#### WORK TO COMPLETE
Look below for the line containing "Webinar 3: Community"; from there through the line containing "Game Boy and", both lines included, please set down each line exactly and nothing else.

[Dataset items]
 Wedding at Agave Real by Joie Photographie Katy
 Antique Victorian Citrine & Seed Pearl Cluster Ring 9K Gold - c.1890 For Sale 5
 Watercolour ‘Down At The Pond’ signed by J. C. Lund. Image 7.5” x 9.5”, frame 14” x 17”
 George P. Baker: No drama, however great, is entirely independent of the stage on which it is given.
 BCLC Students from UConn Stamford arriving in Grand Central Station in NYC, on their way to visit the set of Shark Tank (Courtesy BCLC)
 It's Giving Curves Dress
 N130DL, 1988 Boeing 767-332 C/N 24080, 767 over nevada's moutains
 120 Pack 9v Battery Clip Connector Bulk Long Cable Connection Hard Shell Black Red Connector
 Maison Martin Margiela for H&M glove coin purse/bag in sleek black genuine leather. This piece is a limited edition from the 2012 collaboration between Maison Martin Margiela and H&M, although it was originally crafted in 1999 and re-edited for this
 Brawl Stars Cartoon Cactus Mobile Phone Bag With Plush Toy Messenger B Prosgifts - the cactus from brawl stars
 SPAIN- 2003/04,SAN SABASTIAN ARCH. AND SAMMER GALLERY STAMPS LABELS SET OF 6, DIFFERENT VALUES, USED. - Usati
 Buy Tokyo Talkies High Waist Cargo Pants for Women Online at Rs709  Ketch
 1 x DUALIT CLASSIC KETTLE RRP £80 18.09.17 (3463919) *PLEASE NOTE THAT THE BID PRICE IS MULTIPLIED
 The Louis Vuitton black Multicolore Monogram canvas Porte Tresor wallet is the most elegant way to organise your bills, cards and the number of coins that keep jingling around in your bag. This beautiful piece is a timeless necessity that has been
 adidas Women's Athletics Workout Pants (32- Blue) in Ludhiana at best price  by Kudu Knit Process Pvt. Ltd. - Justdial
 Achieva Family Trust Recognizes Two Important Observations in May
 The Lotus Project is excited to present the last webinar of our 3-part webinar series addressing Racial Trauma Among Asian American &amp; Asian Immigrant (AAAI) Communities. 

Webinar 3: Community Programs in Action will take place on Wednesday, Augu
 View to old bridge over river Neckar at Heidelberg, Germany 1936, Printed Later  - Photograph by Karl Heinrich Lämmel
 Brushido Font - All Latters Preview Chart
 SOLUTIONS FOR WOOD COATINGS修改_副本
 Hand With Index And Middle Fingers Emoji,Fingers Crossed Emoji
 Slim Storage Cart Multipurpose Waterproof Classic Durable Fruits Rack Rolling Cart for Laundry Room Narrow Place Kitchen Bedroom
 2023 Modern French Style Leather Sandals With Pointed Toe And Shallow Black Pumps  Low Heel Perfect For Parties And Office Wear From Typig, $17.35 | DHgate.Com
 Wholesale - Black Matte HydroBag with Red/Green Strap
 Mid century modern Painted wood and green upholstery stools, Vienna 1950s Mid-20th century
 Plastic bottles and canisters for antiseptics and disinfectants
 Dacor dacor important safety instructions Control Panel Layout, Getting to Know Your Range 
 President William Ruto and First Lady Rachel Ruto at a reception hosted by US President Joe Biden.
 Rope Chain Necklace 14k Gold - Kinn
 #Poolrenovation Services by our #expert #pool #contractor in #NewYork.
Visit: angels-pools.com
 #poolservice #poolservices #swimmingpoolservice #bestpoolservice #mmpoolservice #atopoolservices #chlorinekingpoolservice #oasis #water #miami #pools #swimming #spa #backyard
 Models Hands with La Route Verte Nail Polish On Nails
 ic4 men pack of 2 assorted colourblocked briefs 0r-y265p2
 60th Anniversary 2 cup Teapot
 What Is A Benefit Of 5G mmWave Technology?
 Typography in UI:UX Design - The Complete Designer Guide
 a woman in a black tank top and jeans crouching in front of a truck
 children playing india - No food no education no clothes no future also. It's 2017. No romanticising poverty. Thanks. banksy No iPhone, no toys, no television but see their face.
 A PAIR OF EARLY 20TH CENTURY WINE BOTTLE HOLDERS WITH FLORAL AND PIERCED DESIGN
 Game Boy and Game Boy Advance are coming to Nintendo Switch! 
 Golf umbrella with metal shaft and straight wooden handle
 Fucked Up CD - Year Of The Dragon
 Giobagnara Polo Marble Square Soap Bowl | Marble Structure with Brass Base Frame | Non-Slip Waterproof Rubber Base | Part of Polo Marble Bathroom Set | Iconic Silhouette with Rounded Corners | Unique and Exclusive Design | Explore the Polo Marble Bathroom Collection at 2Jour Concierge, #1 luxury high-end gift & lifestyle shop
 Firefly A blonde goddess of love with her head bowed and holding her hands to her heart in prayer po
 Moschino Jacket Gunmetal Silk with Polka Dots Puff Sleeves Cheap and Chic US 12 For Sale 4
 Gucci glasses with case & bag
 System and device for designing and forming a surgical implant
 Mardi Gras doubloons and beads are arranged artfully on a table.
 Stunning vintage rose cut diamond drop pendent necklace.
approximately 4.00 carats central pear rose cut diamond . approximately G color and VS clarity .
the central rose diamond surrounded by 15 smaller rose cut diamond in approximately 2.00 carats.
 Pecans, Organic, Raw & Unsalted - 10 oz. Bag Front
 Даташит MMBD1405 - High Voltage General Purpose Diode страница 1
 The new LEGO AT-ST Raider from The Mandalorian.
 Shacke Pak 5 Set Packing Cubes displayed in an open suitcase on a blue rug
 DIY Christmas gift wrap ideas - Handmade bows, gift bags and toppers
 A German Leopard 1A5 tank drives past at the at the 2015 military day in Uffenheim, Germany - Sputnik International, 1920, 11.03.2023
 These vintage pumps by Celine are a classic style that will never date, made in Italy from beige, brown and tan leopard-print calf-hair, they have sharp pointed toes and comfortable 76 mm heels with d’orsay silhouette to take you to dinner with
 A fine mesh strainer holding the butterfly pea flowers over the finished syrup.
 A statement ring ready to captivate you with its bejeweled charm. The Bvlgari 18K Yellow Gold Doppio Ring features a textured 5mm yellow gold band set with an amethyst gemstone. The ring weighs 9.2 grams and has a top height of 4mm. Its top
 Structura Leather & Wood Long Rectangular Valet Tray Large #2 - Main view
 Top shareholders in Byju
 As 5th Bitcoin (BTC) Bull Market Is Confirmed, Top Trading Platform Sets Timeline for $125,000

#### COMPLETED TASK
Webinar 3: Community Programs in Action will take place on Wednesday, Augu
 View to old bridge over river Neckar at Heidelberg, Germany 1936, Printed Later  - Photograph by Karl Heinrich Lämmel
 Brushido Font - All Latters Preview Chart
 SOLUTIONS FOR WOOD COATINGS修改_副本
 Hand With Index And Middle Fingers Emoji,Fingers Crossed Emoji
 Slim Storage Cart Multipurpose Waterproof Classic Durable Fruits Rack Rolling Cart for Laundry Room Narrow Place Kitchen Bedroom
 2023 Modern French Style Leather Sandals With Pointed Toe And Shallow Black Pumps  Low Heel Perfect For Parties And Office Wear From Typig, $17.35 | DHgate.Com
 Wholesale - Black Matte HydroBag with Red/Green Strap
 Mid century modern Painted wood and green upholstery stools, Vienna 1950s Mid-20th century
 Plastic bottles and canisters for antiseptics and disinfectants
 Dacor dacor important safety instructions Control Panel Layout, Getting to Know Your Range 
 President William Ruto and First Lady Rachel Ruto at a reception hosted by US President Joe Biden.
 Rope Chain Necklace 14k Gold - Kinn
 #Poolrenovation Services by our #expert #pool #contractor in #NewYork.
Visit: angels-pools.com
 #poolservice #poolservices #swimmingpoolservice #bestpoolservice #mmpoolservice #atopoolservices #chlorinekingpoolservice #oasis #water #miami #pools #swimming #spa #backyard
 Models Hands with La Route Verte Nail Polish On Nails
 ic4 men pack of 2 assorted colourblocked briefs 0r-y265p2
 60th Anniversary 2 cup Teapot
 What Is A Benefit Of 5G mmWave Technology?
 Typography in UI:UX Design - The Complete Designer Guide
 a woman in a black tank top and jeans crouching in front of a truck
 children playing india - No food no education no clothes no future also. It's 2017. No romanticising poverty. Thanks. banksy No iPhone, no toys, no television but see their face.
 A PAIR OF EARLY 20TH CENTURY WINE BOTTLE HOLDERS WITH FLORAL AND PIERCED DESIGN
 Game Boy and Game Boy Advance are coming to Nintendo Switch! 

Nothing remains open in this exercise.